▶ _Exercise data_:
-- Opening Marker --

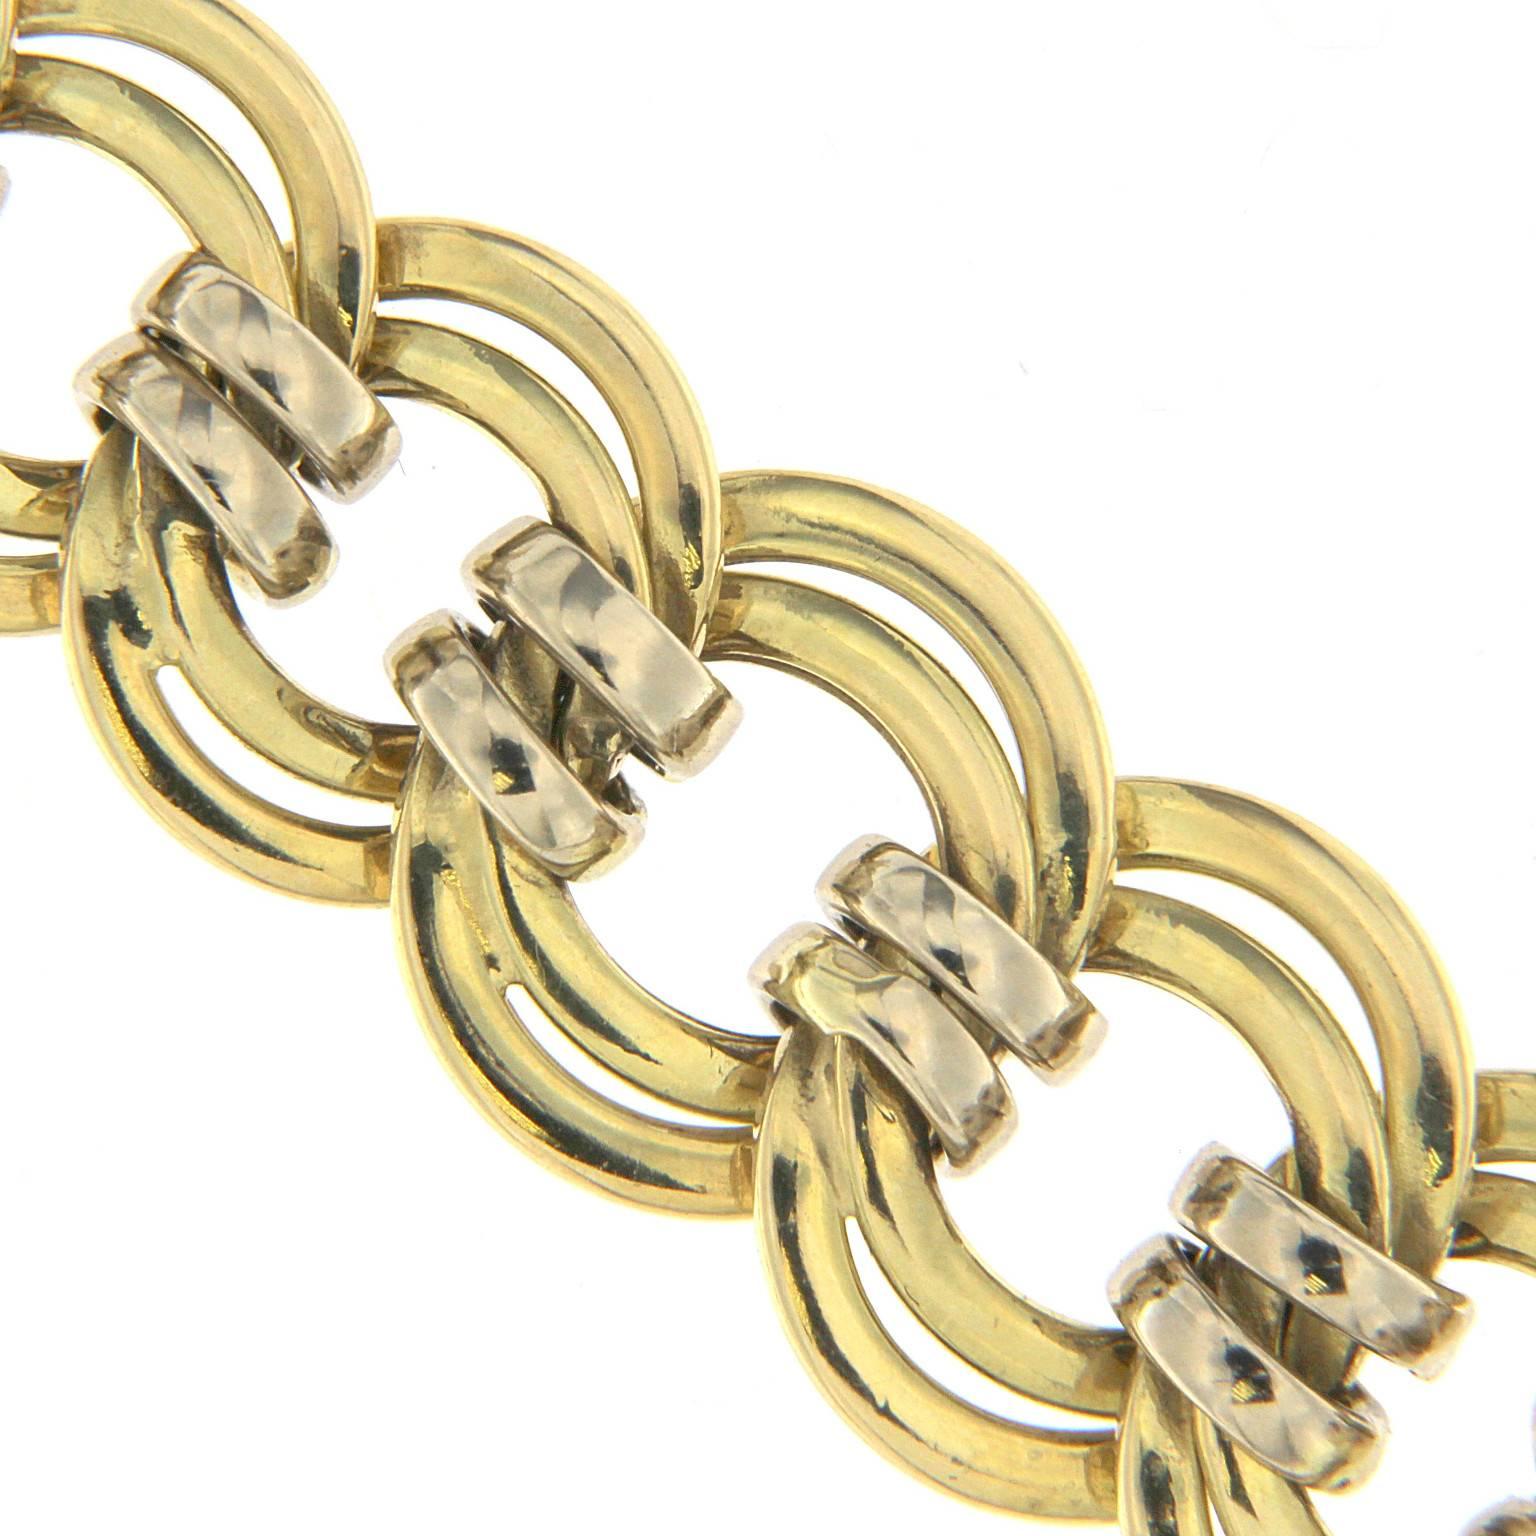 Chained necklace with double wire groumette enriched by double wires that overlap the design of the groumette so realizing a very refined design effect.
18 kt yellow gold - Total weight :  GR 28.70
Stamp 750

-- Closing Marker --

▶ _Problem to work on_:
Write out the data above precisely. Pictures stay out.

▶ _Result of this task_:
 Chained necklace with double wire groumette enriched by double wires that overlap the design of the groumette so realizing a very refined design effect.
18 kt yellow gold - Total weight :  GR 28.70
Stamp 750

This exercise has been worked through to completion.